2. A change in the tax status of an enterprise or its shareholders may have an immediate effect on the enterprise's current tax liabilities or assets. The change may also increase or decrease the deferred tax liabilities and assets recognised by the enterprise, depending on the effect the change in tax status has on the tax consequences that will arise from recovering or settling the carrying amount of the enterprise's assets and liabilities.

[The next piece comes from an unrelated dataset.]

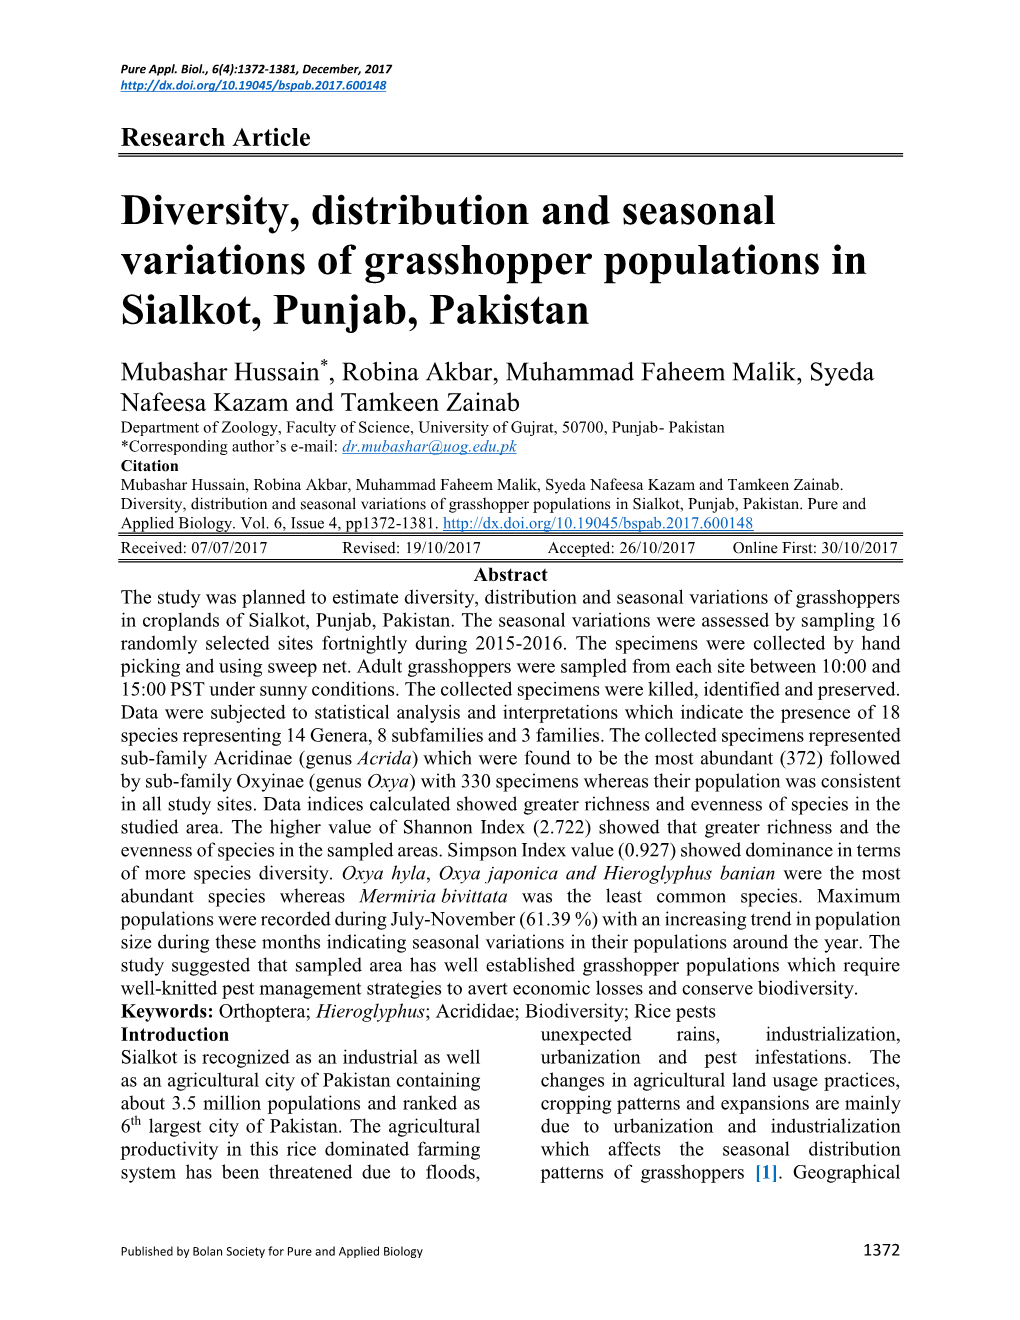 Diversity, Distribution and Seasonal Variations of Grasshopper Populations in Sialkot, Punjab, Pakistan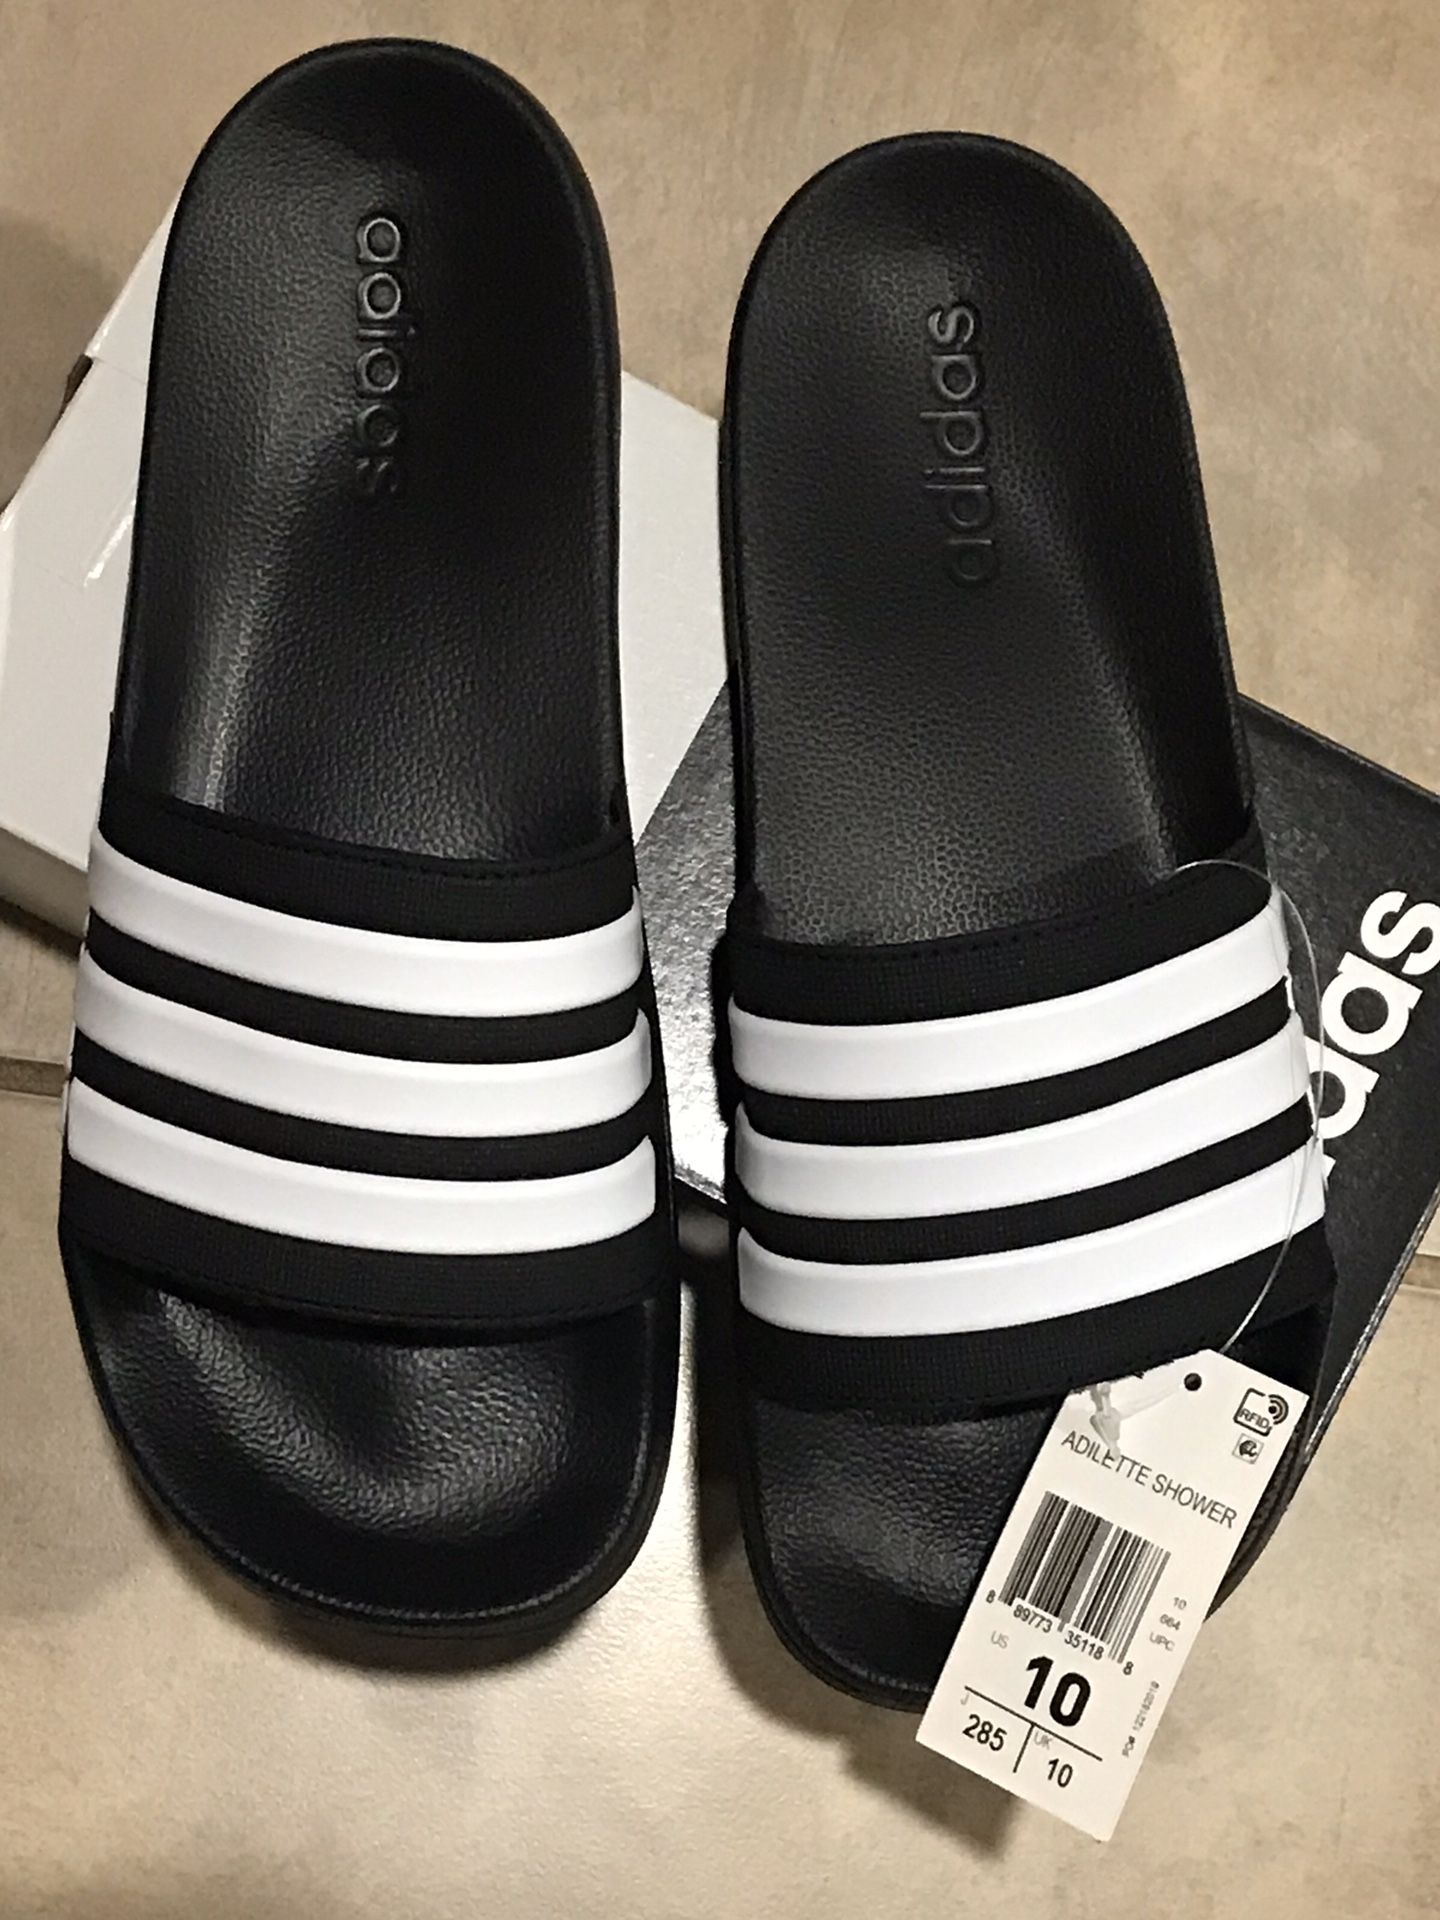 Brand new Adidas Slides Size 10 men’s

3. The issue is how an enterprise should account for the tax consequences of a change in its tax status or that of its shareholders.

Consensus

4. A change in the tax status of an enterprise or its shareholders does not give rise to increases or decreases in amounts recognised directly in equity. The current and deferred tax consequences of a change in tax status should be included in net profit or loss for the period, unless those consequences relate to transactions and events that result, in the same or a different period, in a direct credit or charge to the recognised amount of equity. Those tax consequences that relate to changes in the recognised amount of equity, in the same or a different period (not included in net profit or loss), should be charged or credited directly to equity.

Date of consensus: August 1999.

Effective date: this consensus becomes effective on 15 July 2000. Changes in accounting policies should be accounted for according to the transition requirements of IAS 8.46.